Stock market correction: What Jeffries says about the biggest decline in earnings since the start of 2020

Jefferies’ Christopher Wood, in his latest note, Greed and Fear, noted that the Indian stock market has seen a healthy correction in recent times, especially in the small- and mid-cap sector. This comes in the context of a second-quarter earnings season that saw the biggest decline in earnings since the start of 2020, he said.

Jeffries said its India office has cut FY25 earnings forecasts for 63 percent of the 121 Indian companies under its coverage that have now reported Q2 FY25 earnings results, the highest rate of cuts since inception 2020.

“This appears to reflect the impact of the cyclical downturn signaled by high-frequency data from Jeffreys’ India office recently. The Jeffreys Economic Indicator (JEI), an Indian economic indicator based on monthly data on 35 indicators, rose 4.3 percent. cent year-on-year in September, up 1.7 p.p. above the three-year low of 2.6% yoy in August, but remaining 0.6 pp higher. below the level since the beginning of the calendar year.” Jeffries said.

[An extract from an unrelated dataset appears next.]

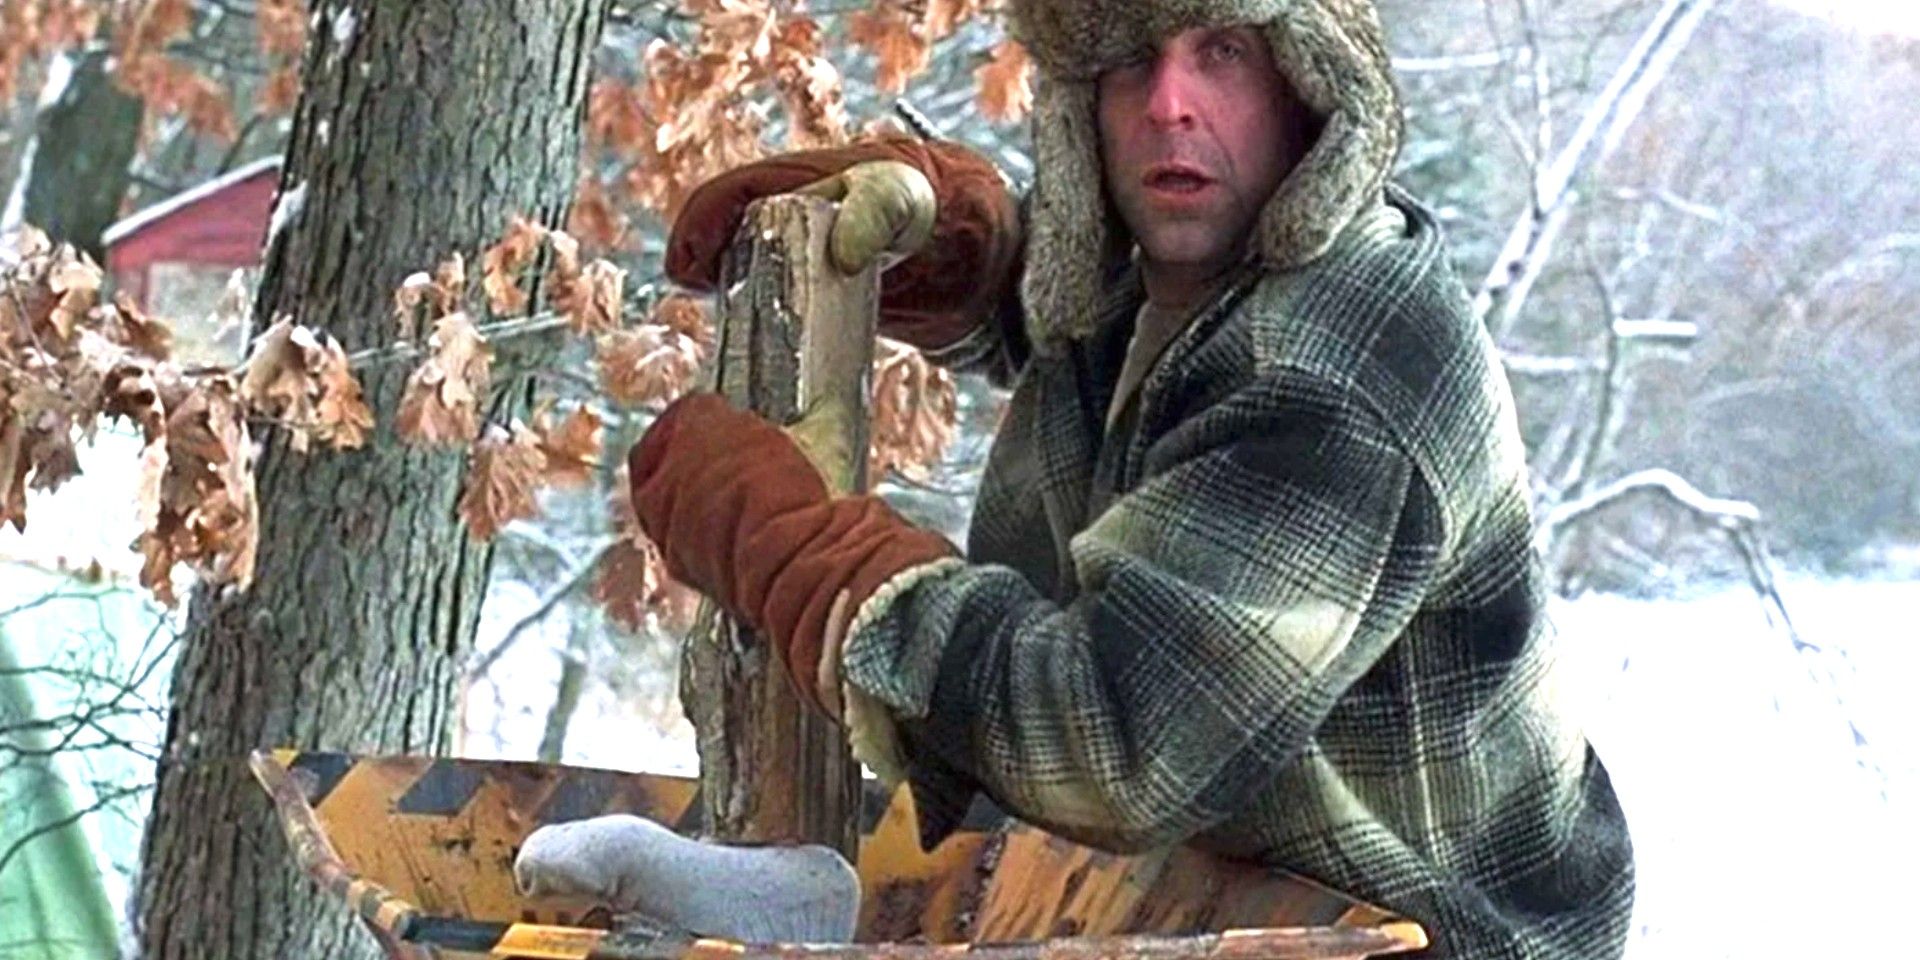 The woodchipper in Fargo

Wood said he believes the recent stock market correction is healthy, especially because it has impacted the priciest part of the market, while relatively inexpensive private sector banks have recently started outperforming amid expectations of a potential reduction in cash reserve ratios. (CRR) of the Reserve Bank of India in the coming months.

In this regard, Jeffries Indian banking analyst Prahar Sharma, in a just-released report, suggested that RBI’s change in liquidity stance from withdrawal to neutral should ease concerns. Additionally, loan and deposit growth rates have now converged from the peak gap of 400 bps. over the past year. This, along with faster deposit growth and easing liquidity, should support banks’ net interest margins,” Wood said.

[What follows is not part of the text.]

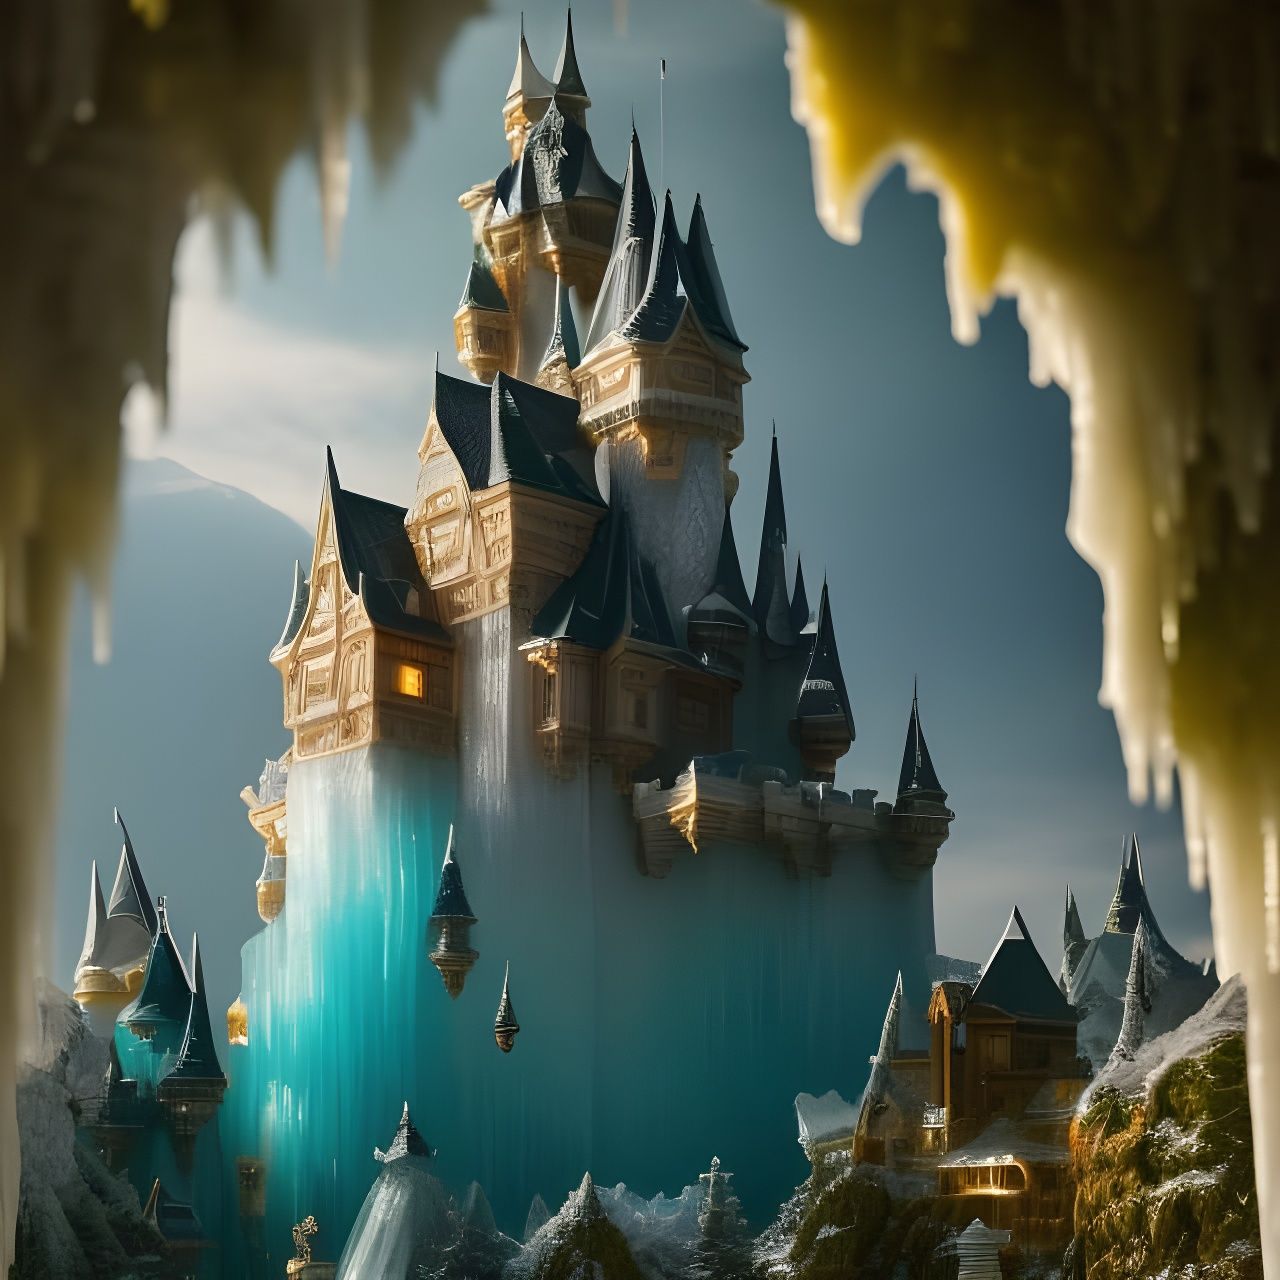 Frozen castle, frozen, castle, cartoon castle png

Nifty shares fell 9.4% from a peak reached in late September to its recent low on Monday. While the Nifty MidCap 100 and Nifty MidSmall Cap 400 indices fell 10.2 percent and 9.7 percent respectively from the September 24 peak to the October 25 low.

Jefferies said strong inflows into domestic equity mutual funds continued while overall domestic flows into equities, at least for now, still outpaced the still-expanding stock supply as companies look to take advantage of strong valuations.

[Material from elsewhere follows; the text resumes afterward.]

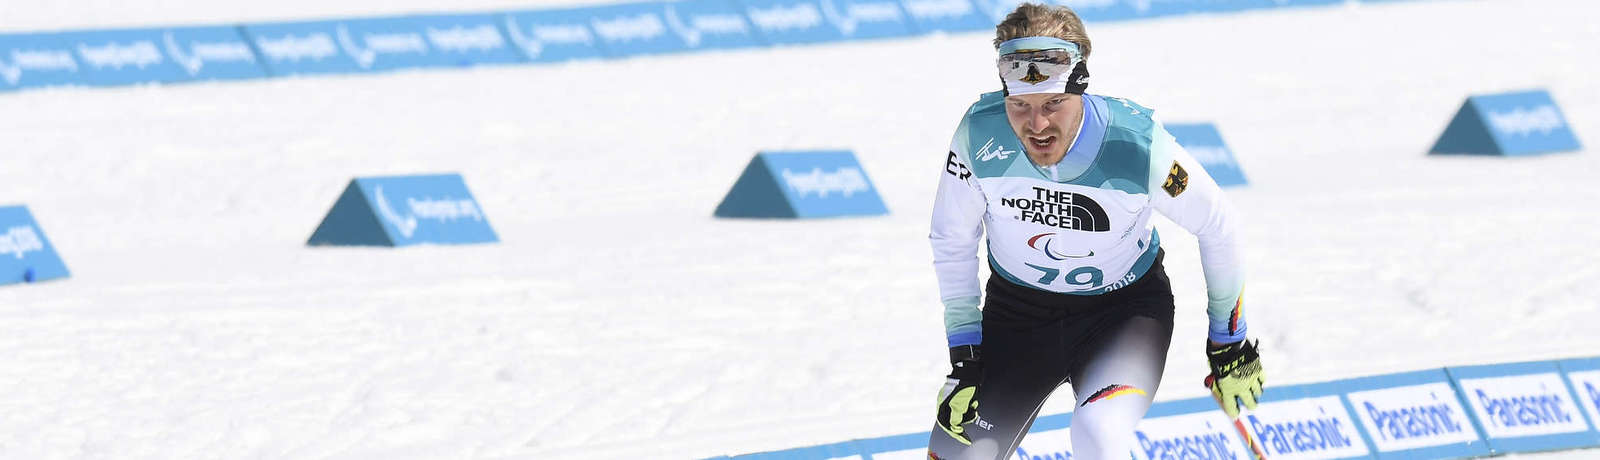 Steffen Lehmker beim Ski-Langlauf

“While total equity capital has increased to approximately $28 billion or $7 billion per month in the last four months (July-October) compared to $32 billion in 1HCY24, bringing total supply since the start of the calendar year to $60 billion.

Disclaimer: Business Today provides stock market news for informational purposes only and should not be construed as investment advice. Readers are advised to consult a qualified financial advisor before making any investment decisions.